-- Opening Marker --
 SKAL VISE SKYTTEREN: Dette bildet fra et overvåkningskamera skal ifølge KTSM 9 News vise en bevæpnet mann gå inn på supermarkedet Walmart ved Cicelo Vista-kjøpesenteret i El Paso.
-- Closing Marker --
-- Opening Marker --
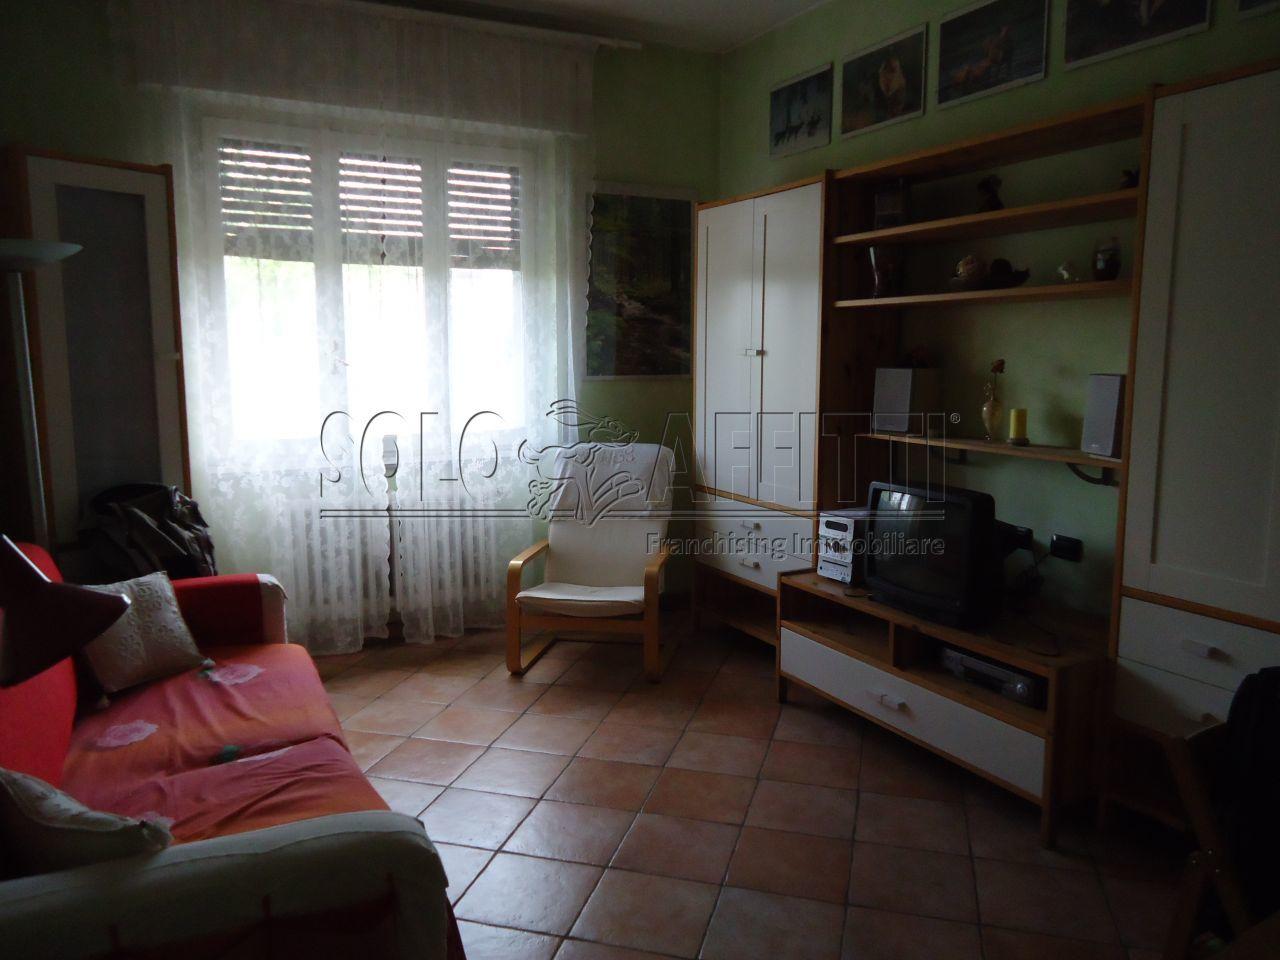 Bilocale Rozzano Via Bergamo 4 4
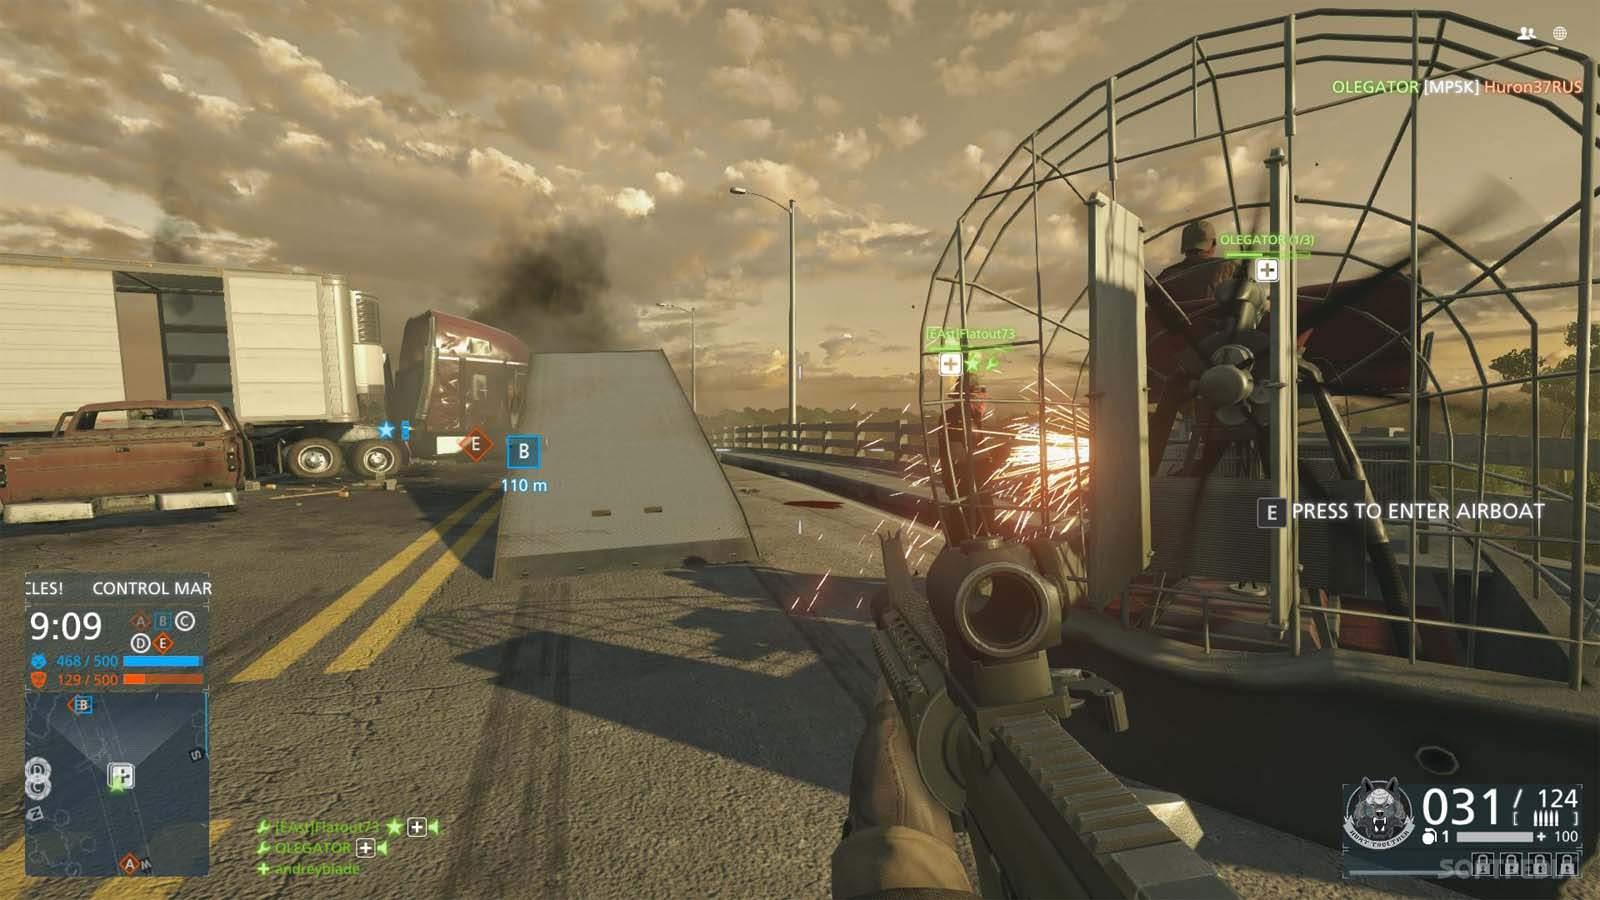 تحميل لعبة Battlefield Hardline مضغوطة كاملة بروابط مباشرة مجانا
-- Closing Marker --
• _WORK TO BE COMPLETED_
Between and including the line with "Bilocale Rozzano Via Bergamo 4 4" and the line with "تحميل لعبة Battlefield", repeat every line exactly as it appears above, with pictures left out.

• _SOLVED PROBLEM_
 Bilocale Rozzano Via Bergamo 4 4
 تحميل لعبة Battlefield Hardline مضغوطة كاملة بروابط مباشرة مجانا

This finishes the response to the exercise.